🤖 AI Summary
This work addresses the trade-off between consistency and performance in distributed databases under cross-partition transactions, where traditional two-phase commit (2PC) protocols suffer from high coordination overhead, significant latency, and complex recovery during dynamic partition migration. To overcome these limitations, the authors propose a tree-based 2PC framework tailored for OceanBase, which treats log streams as atomic commit units and organizes participants into a coordinator-rooted directed acyclic commit tree. The protocol recursively executes a tree-structured commit process and introduces uncertainty states such as prepare-unknown and trans-unknown to prevent consistency violations caused by lost context. Notably, the design eliminates the need for explicit participant lists and inherently supports dynamic partition migration. Experimental results demonstrate that the framework substantially reduces latency and bandwidth overhead, achieving transaction performance close to single-node levels while maintaining strong consistency and high scalability.
📝 Abstract
Modern distributed databases face challenges in achieving transactional consistency across distributed partitions. Traditional two-phase commit (2PC) protocols incur high coordination overhead and latency, and require complex recovery for dynamic partition transfers. This paper introduces a novel tree-shaped 2PC framework for OceanBase that leverages single-machine log streams to address these challenges through three innovations. First, we propose log streams as atomic participants, replacing partition-level coordination. By treating each log stream as the commit unit, a transaction spanning $N$ co-located partitions interacts with one participant, reducing coordination overhead by orders of magnitude (e.g., 99 percent reduction for $N=100$).
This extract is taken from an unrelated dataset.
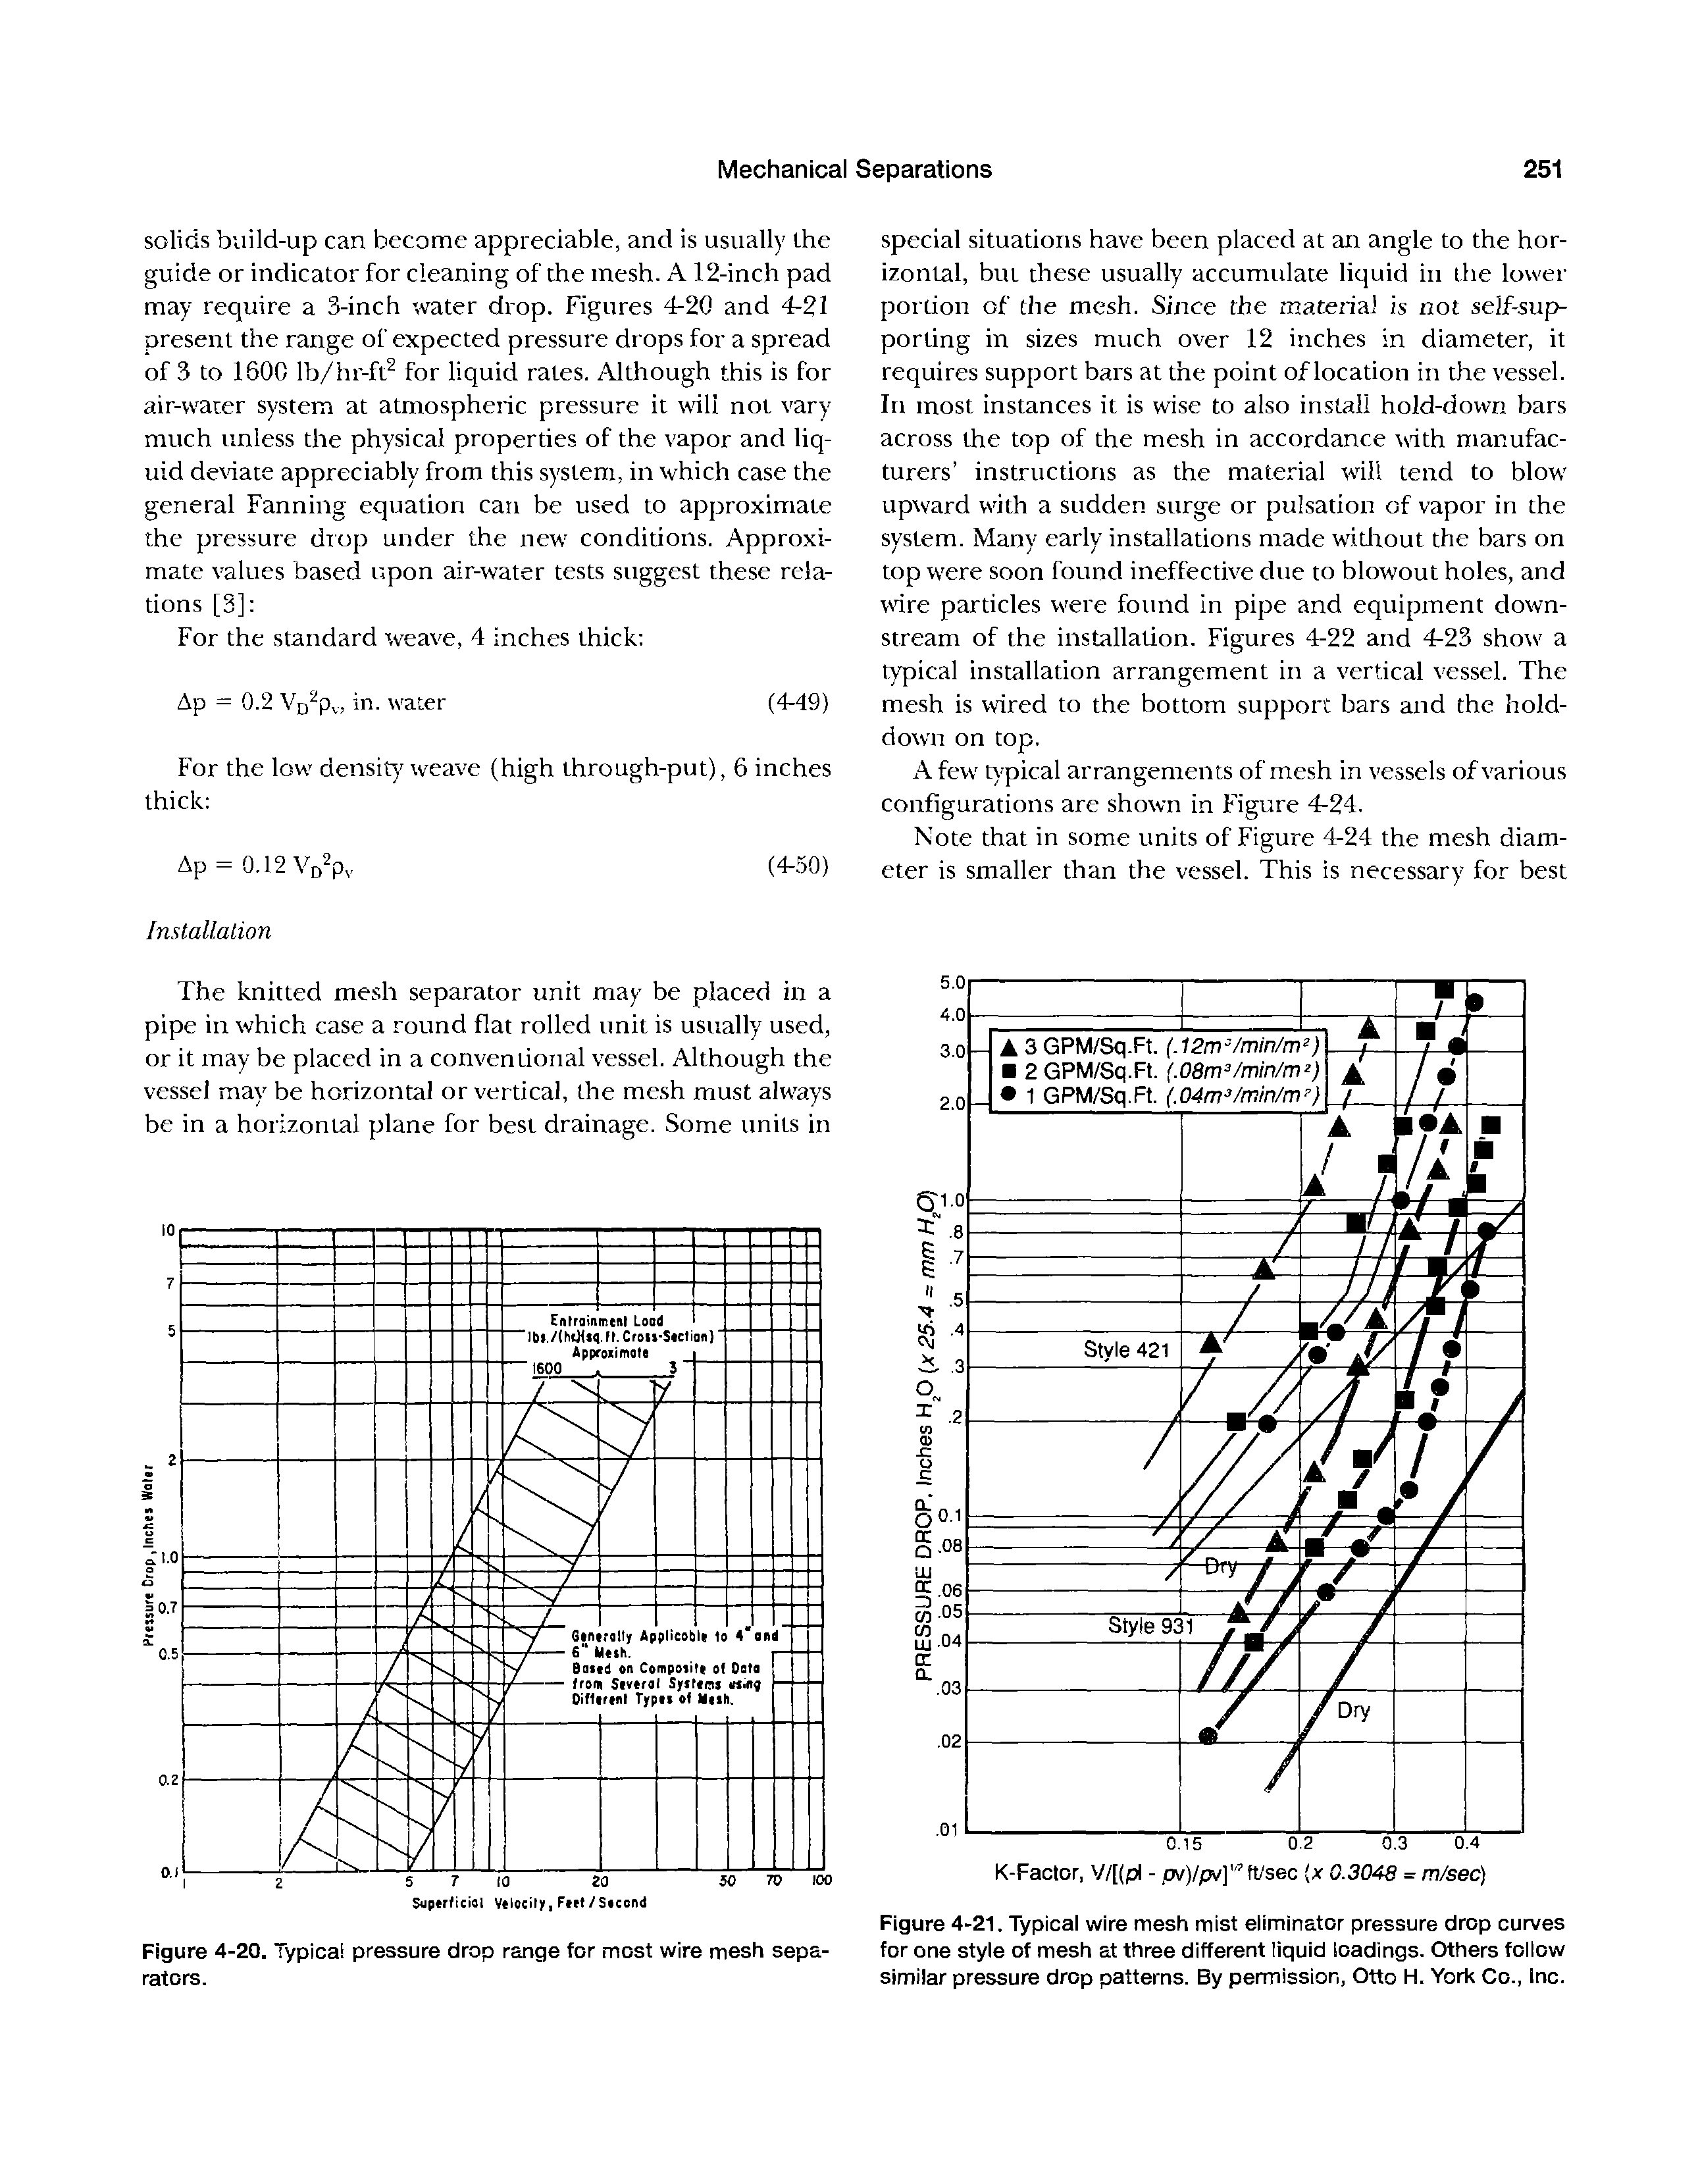 Figure 4-20. Typical pressure drop range for most wire mesh separators.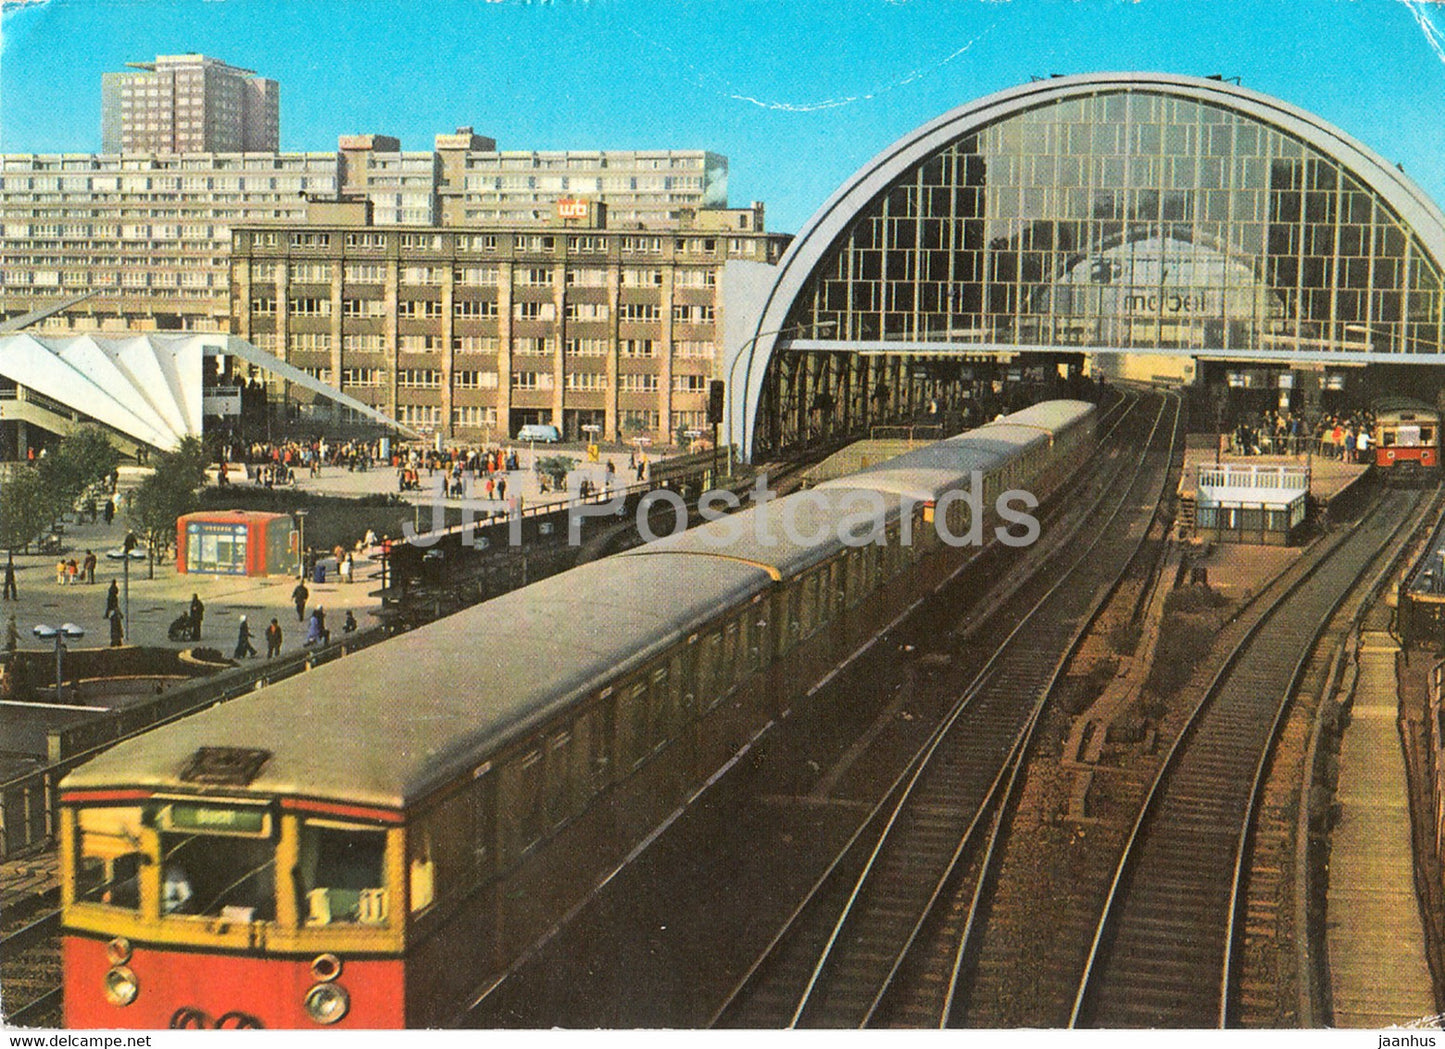 Berlin - S Bahnhof Alexanderplatz - metro - 1982 - Germany DDR - used - JH Postcards

Second, we design a tree-shaped 2PC protocol with coordinator-rooted DAG topology that dynamically handles partition transfers by recursively constructing commit trees. When a partition migrates during a transaction, the protocol embeds migration contexts as leaf nodes, eliminating explicit participant list updates, resolving circular dependencies, and ensuring linearizable commits under topology changes. Third, we introduce prepare-unknown and trans-unknown states to prevent consistency violations when participants lose context. These states signal uncertainty during retries, avoiding erroneous aborts from so-called lying participants while isolating users from ambiguity. Experimental evaluation demonstrates performance approaching that of single-machine transactions, with reduced latency and bandwidth consumption, validating the framework's effectiveness for modern distributed databases.